** The problem **
Each line in the material below, starting at the one with "benito pérez galdós" and ending at the one with "Tour de France Juvisy", is to be reproduced exactly; no picture is to be copied.

** Supplied information **
* * *
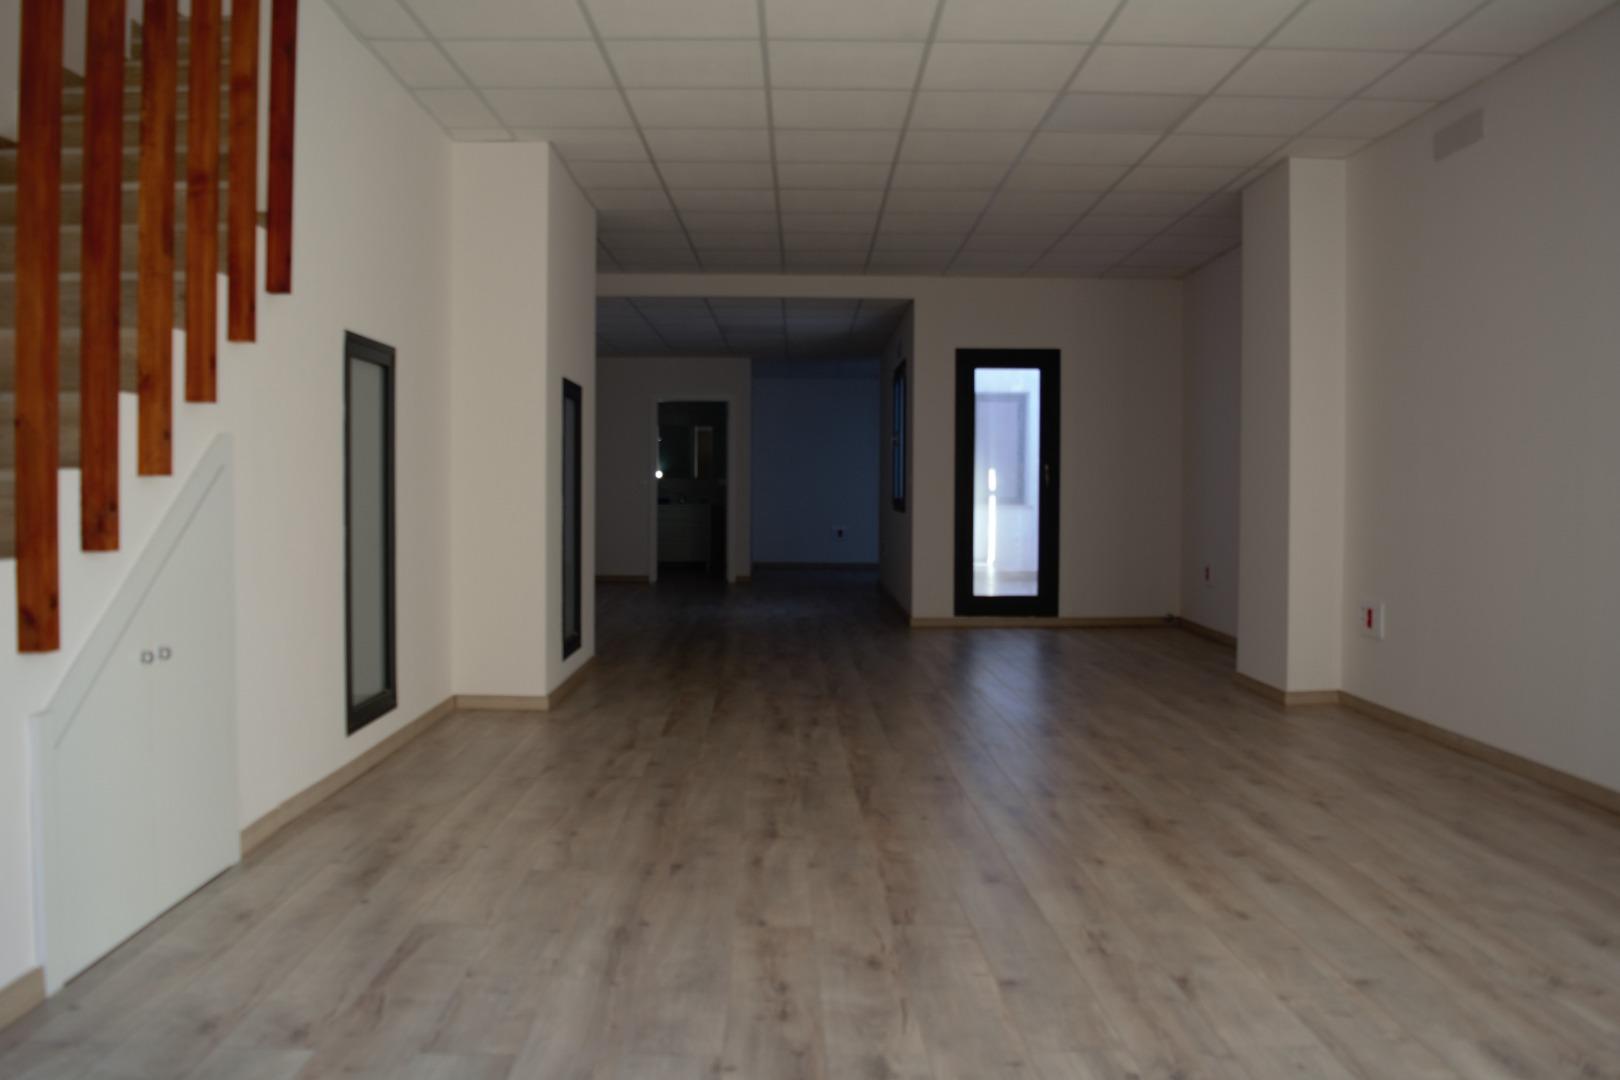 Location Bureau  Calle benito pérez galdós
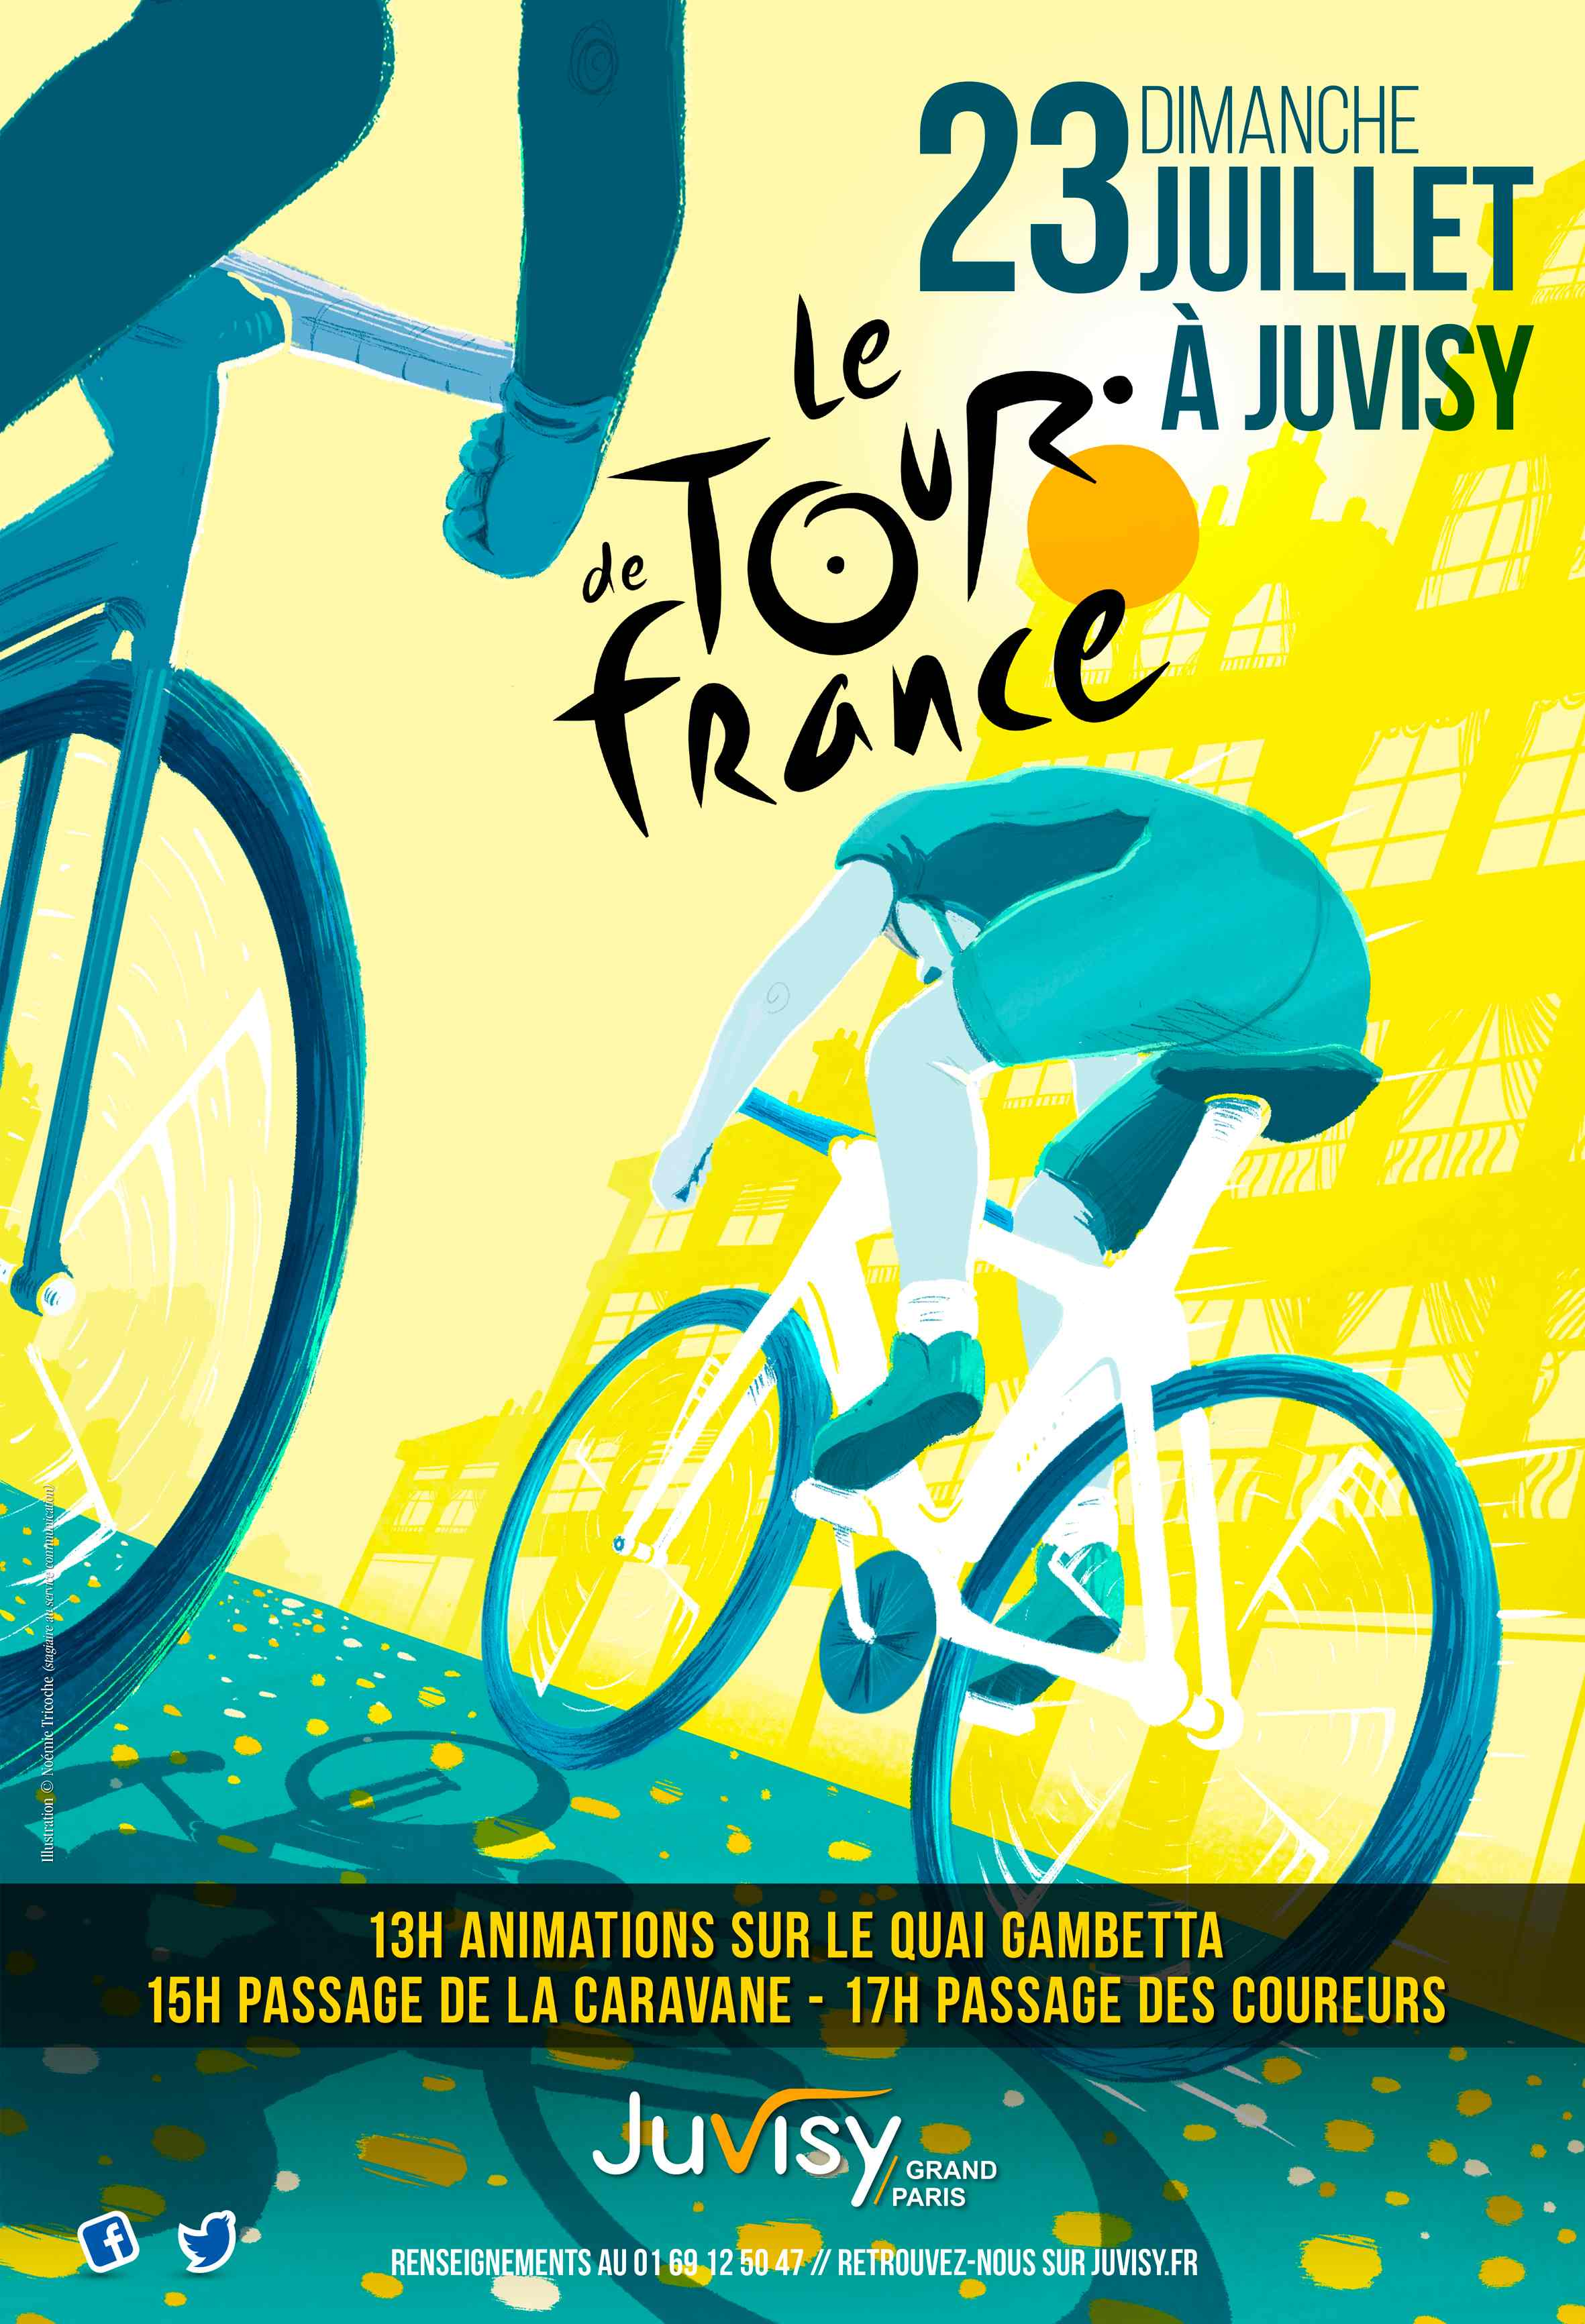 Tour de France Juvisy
* * *
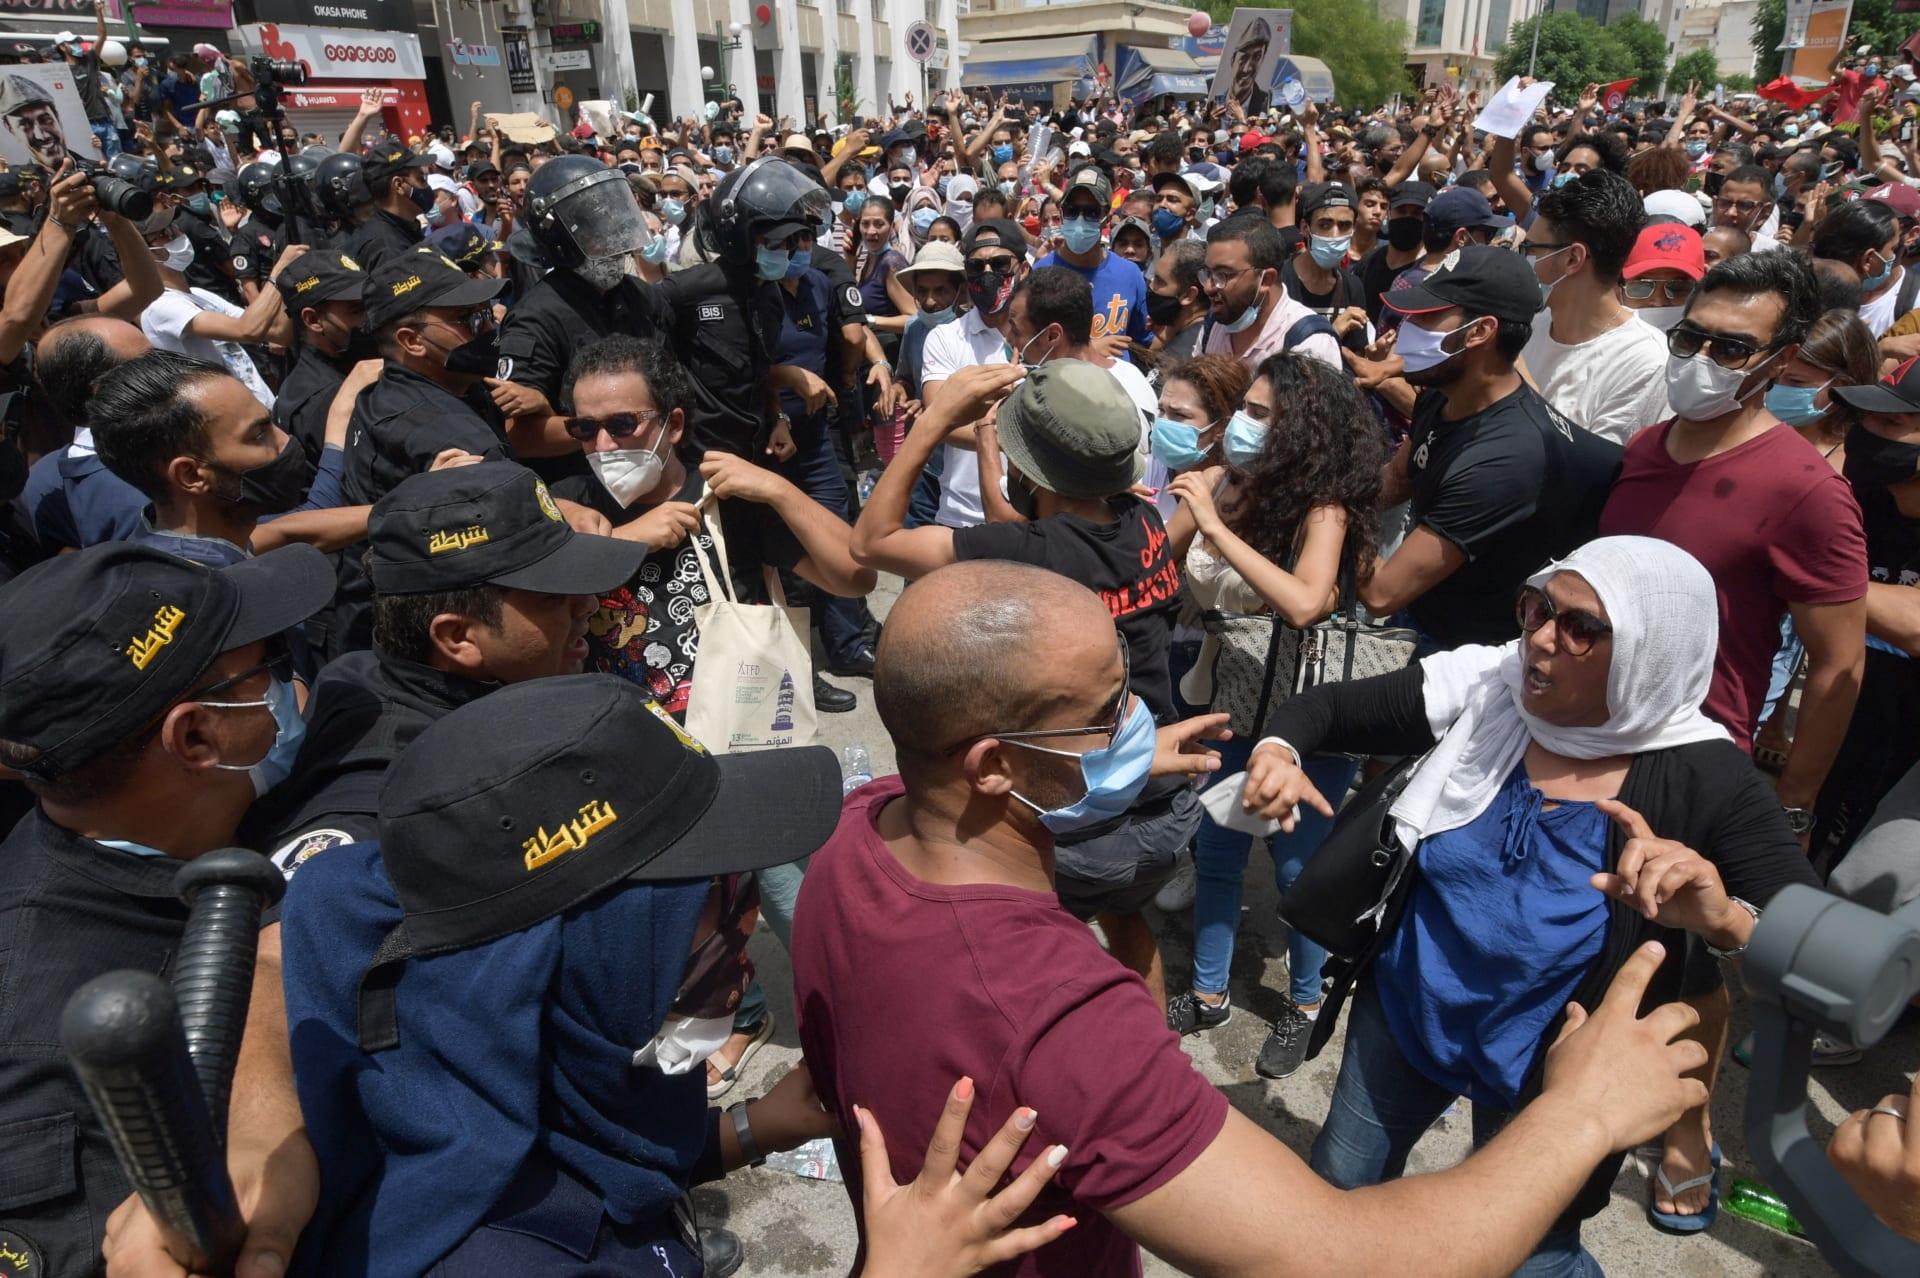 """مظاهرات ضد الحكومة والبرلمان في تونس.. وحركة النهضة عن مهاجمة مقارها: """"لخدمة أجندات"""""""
* * *
** Written solution **
 Location Bureau  Calle benito pérez galdós
 Tour de France Juvisy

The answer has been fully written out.